I'm horrible at sleeping through the night as it is, but when I'm not writing, I can just forget about sleeping.  When I stop writing, my creative brain stops breathing.  Then my nocturnal brain senses impending death and begins CPR in the form of stacks and stacks of insane dreams every night.

I write because writing is life.

Why do I write?

I believe everyone has a story.  A beautiful, funny, heartbreaking, fascinating story.  You do.  No really, you do.  And it turns out I do, too.

I write because I'm the story of the unconventional athlete.

I'm the story of the girl who once had to cut herself out of a dress.

I'm the story of the teacher who loves children with reckless abandon and stands up for what is just.

I'm the story of the wife who fought for her husband when he couldn't.

I'm the story of the woman who battles cancer, with a bicycle as my unlikely weapon.

I'm the story of the girl who can only clot the grief of losing my grandmother by writing letters she'll never read.

I'm the story.  And guess what?  You are, too.

Why do I write?

There's something to be said for all those stories, but for some great orators they can be just as easily and just as well told orally.  I am not one of those great orators.  I never will be.  I have a pesky lisp that crops up when I'm nervous.  When I speak in front of people, I sweat so much that I create my own water cycle.  I stumble over words and stammer over syllables.

But not when I'm writing.

When I write, I can write and revise until the words feel right in my mouth.  The delete key is a beautiful, beautiful thing.  Oh Lord, what I wouldn't give for a delete button in some conversations I've had.  It would have come in really handy when I was interviewing for a job and accidentally called the interviewer bi*ch.  I digress.

The point is that when I write, I'm a better version of myself.  A more honest version.  A more thoughtful version.  The version I try to be, both on the paper and off.

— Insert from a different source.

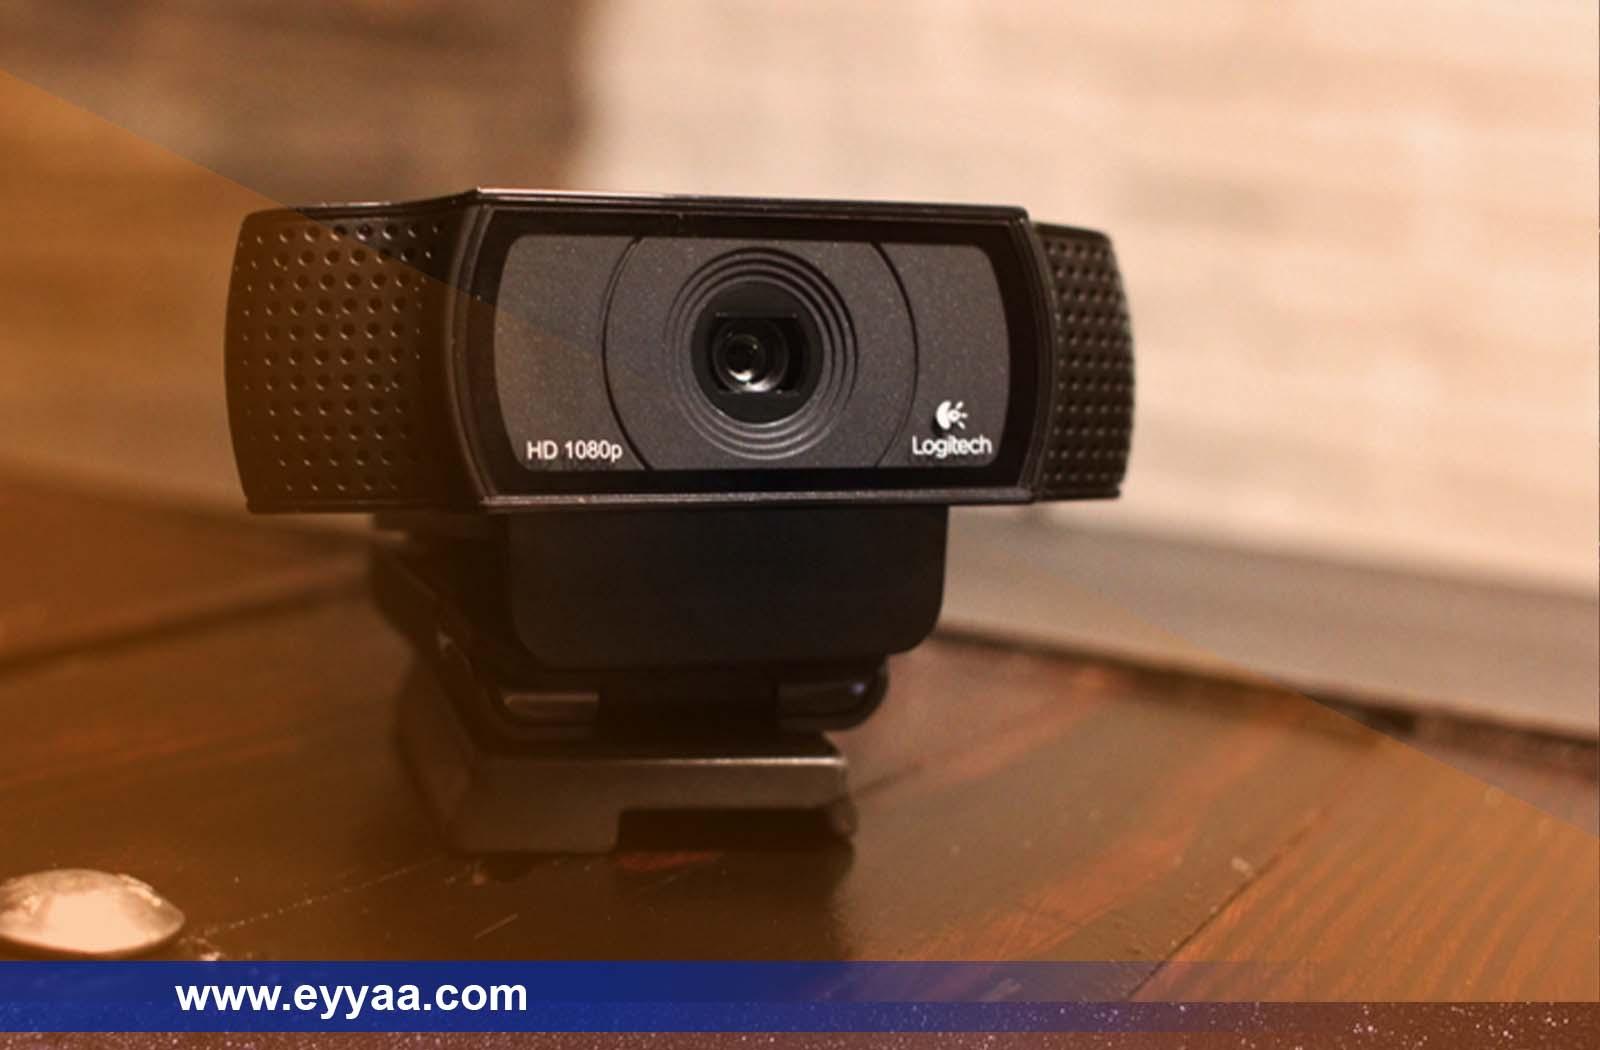 Top 5 Best Wireless Webcam For Mac 2020 Review

Your turn.  Why do you write?

October 14, 2011

Moments from the Pumpkin Patch

Today I made my annual trek to the pumpkin patch with 26 giddy six-year-olds in tow.  Not to mention their parents and a smattering of younger siblings.  The weather was perfect, sunny without a drop of rain.  The sky was so blue, it can only be described as piercing.  We had a great day watching pig races, bouncing in the bounce house, picking pumpkins, firing corn cannons and just enjoying the pleasure of being outside together.  Here are some of the best lines from the day:

1) On the bus ride to the pumpkin patch, two little ones in the seat behind me were singing "Old MacDonald" and decided to make up a verse about pumpkins that went like this:
Little girl: "Old MacDonald had a farm, E-I-E-I-O.  And on his farm he had a pumpkin, E-I-E-I-O.  With a...with a...what kind of noise do pumpkins make?"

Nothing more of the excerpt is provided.